PI’s FY17 annual report reveals that the company generated improved free cash flow for the year, driven mainly by lower capex.
PI’s FY17 annual report reveals that the company generated improved free cash flow for the year, driven mainly by lower capex. Management reiterates that H1 FY18 will be soft for custom synthesis, but the outlook for H2 is positive, and that PI’s efforts to diversify into fine chemicals will eventually yield results, although more specifics are not provided. Margin expansion in FY17 was aided by higher export incentives and decrease in certain expenses. We analyse these and other takeaways in this note.
PI generated Rs 2.1 billion in free cash flow for FY17, up from Rs 590 million in FY16, with the improvement driven by a sharp decrease in capex to Rs 1.4 billion (against Rs 3.2 billion in FY16).
ROE improved to 32.8% (+320bps YoY), driven entirely by improved Ebitda margins and a lower tax rate, whereas the asset turnover ratio declined for the second successive year, possibly explaining the reduction in capex in FY17.
Management commentary emphasises that PI is trying to diversify beyond agro-chemicals into the fine chemicals space, but does not offer more specifics or set a timeline or revenue targets.

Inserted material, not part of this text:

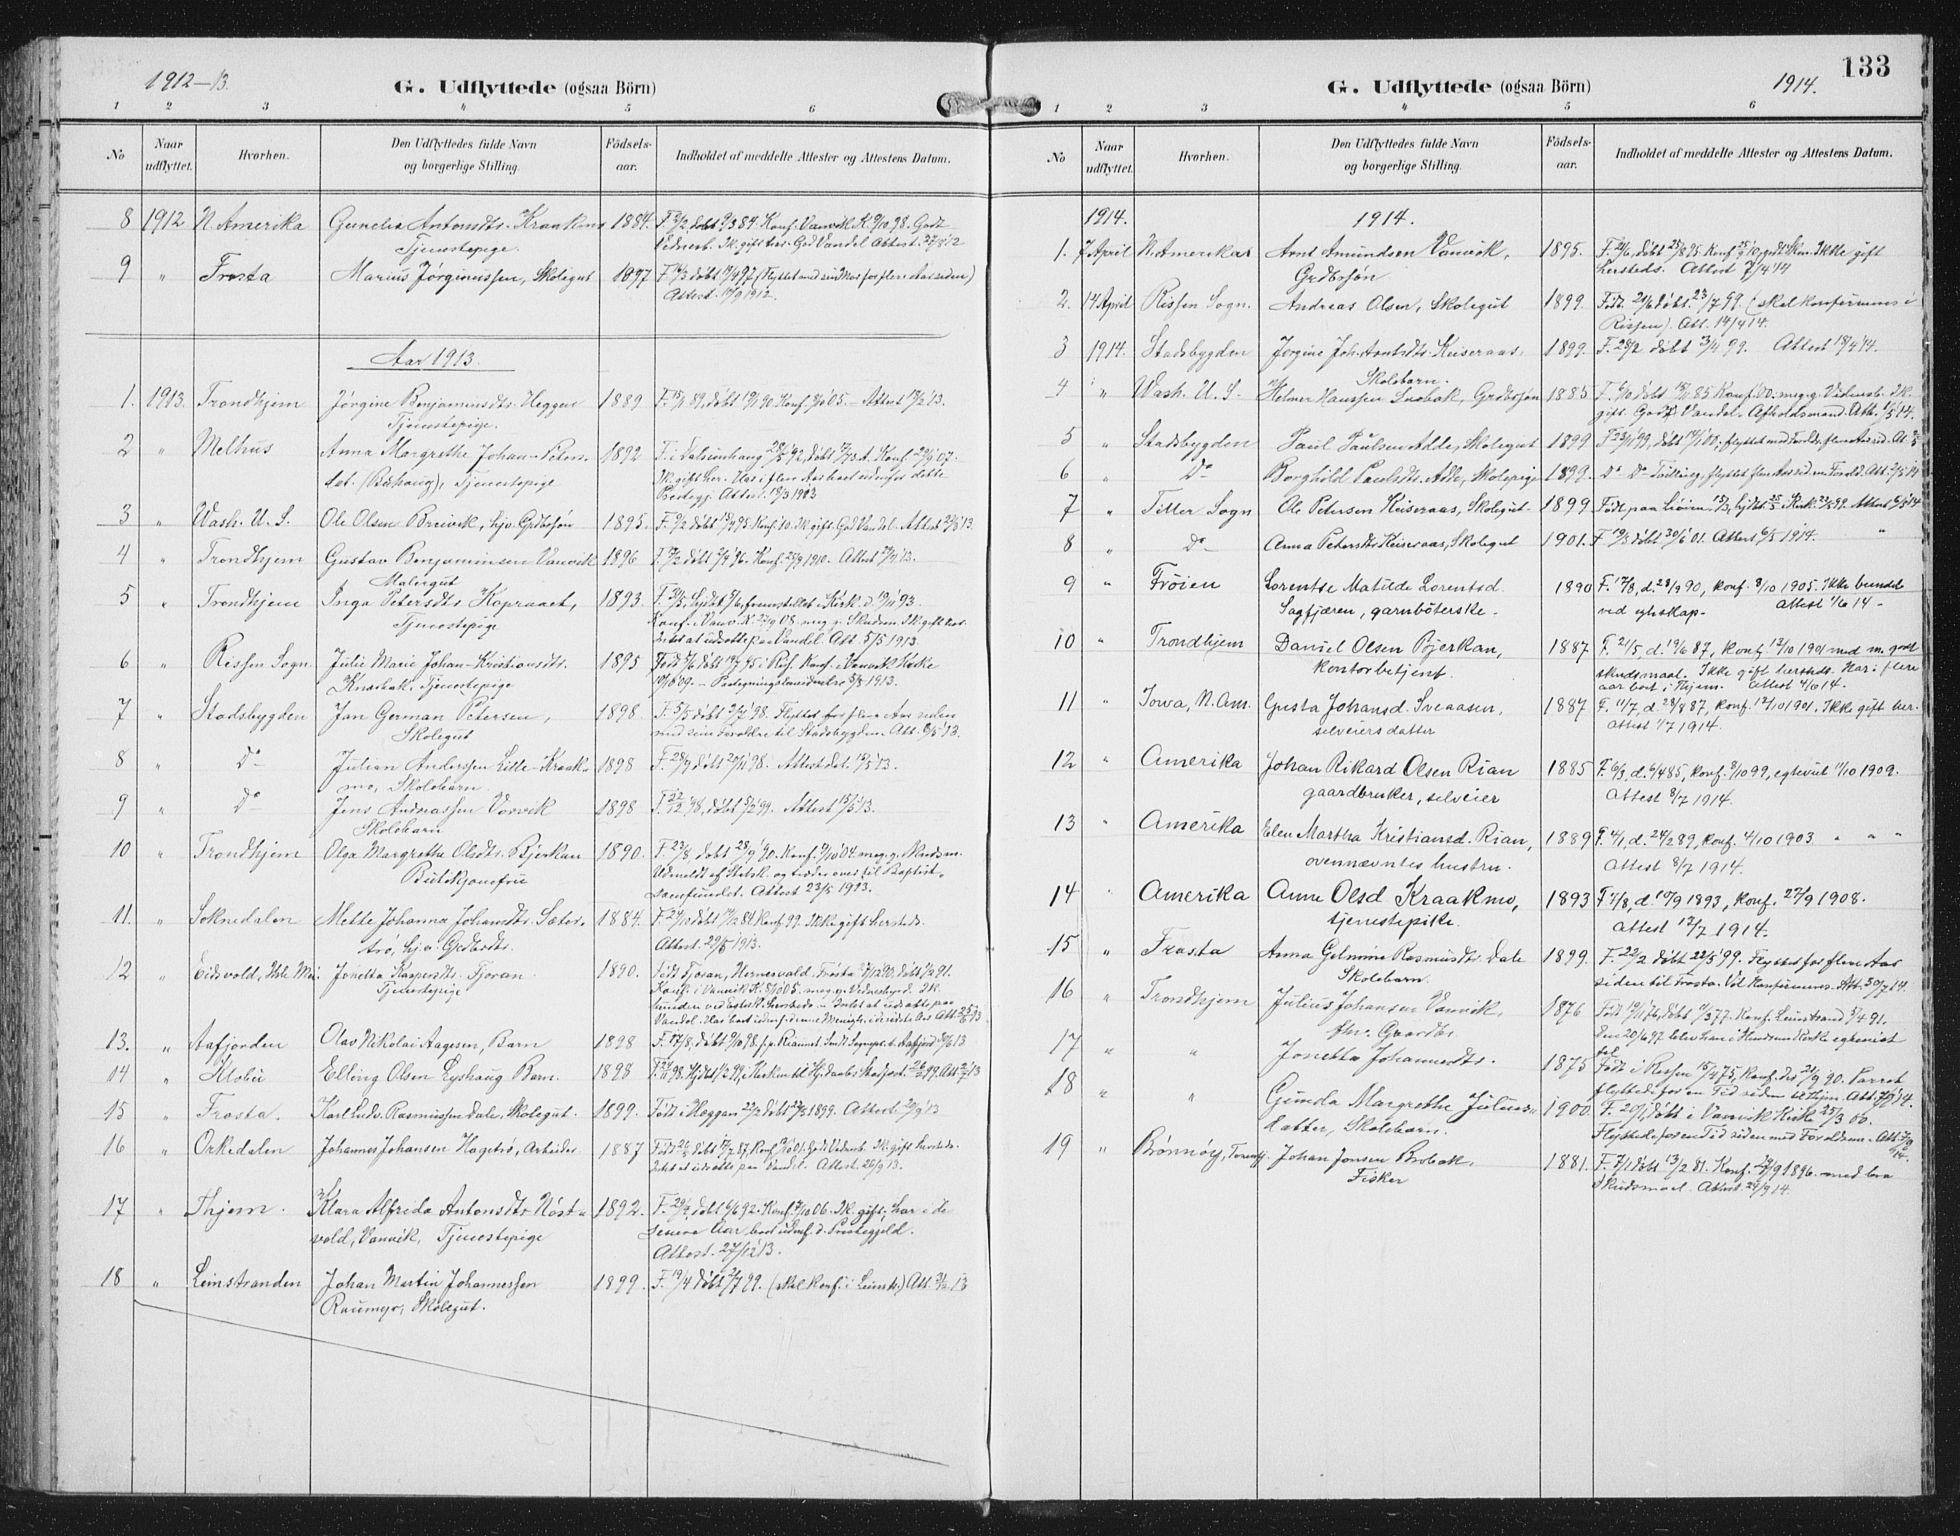 SAT, Ministerialprotokoller, klokkerbøker og fødselsregistre - Nord-Trøndelag, 702/L0024: Ministerialbok nr. 702A02, 1898-1914, s. 133

In terms of new products, PI launched one new rice herbicide, Legacee, in the domestic market and commercialised four new molecules in custom synthesis. In FY18, PI plans four new launches (with BASF) in the domestic market.
PI’s spending on R&D and overall employee headcount have increased sharply in the past two years. Eleven new molecules progressed to the “next stage” in FY17, the same number as in FY16. Revenues from Asia grew 47% in FY17, offsetting an 83% decrease in revenues from Australia. Price Waterhouse will be company’s new auditors for five years beginning FY18.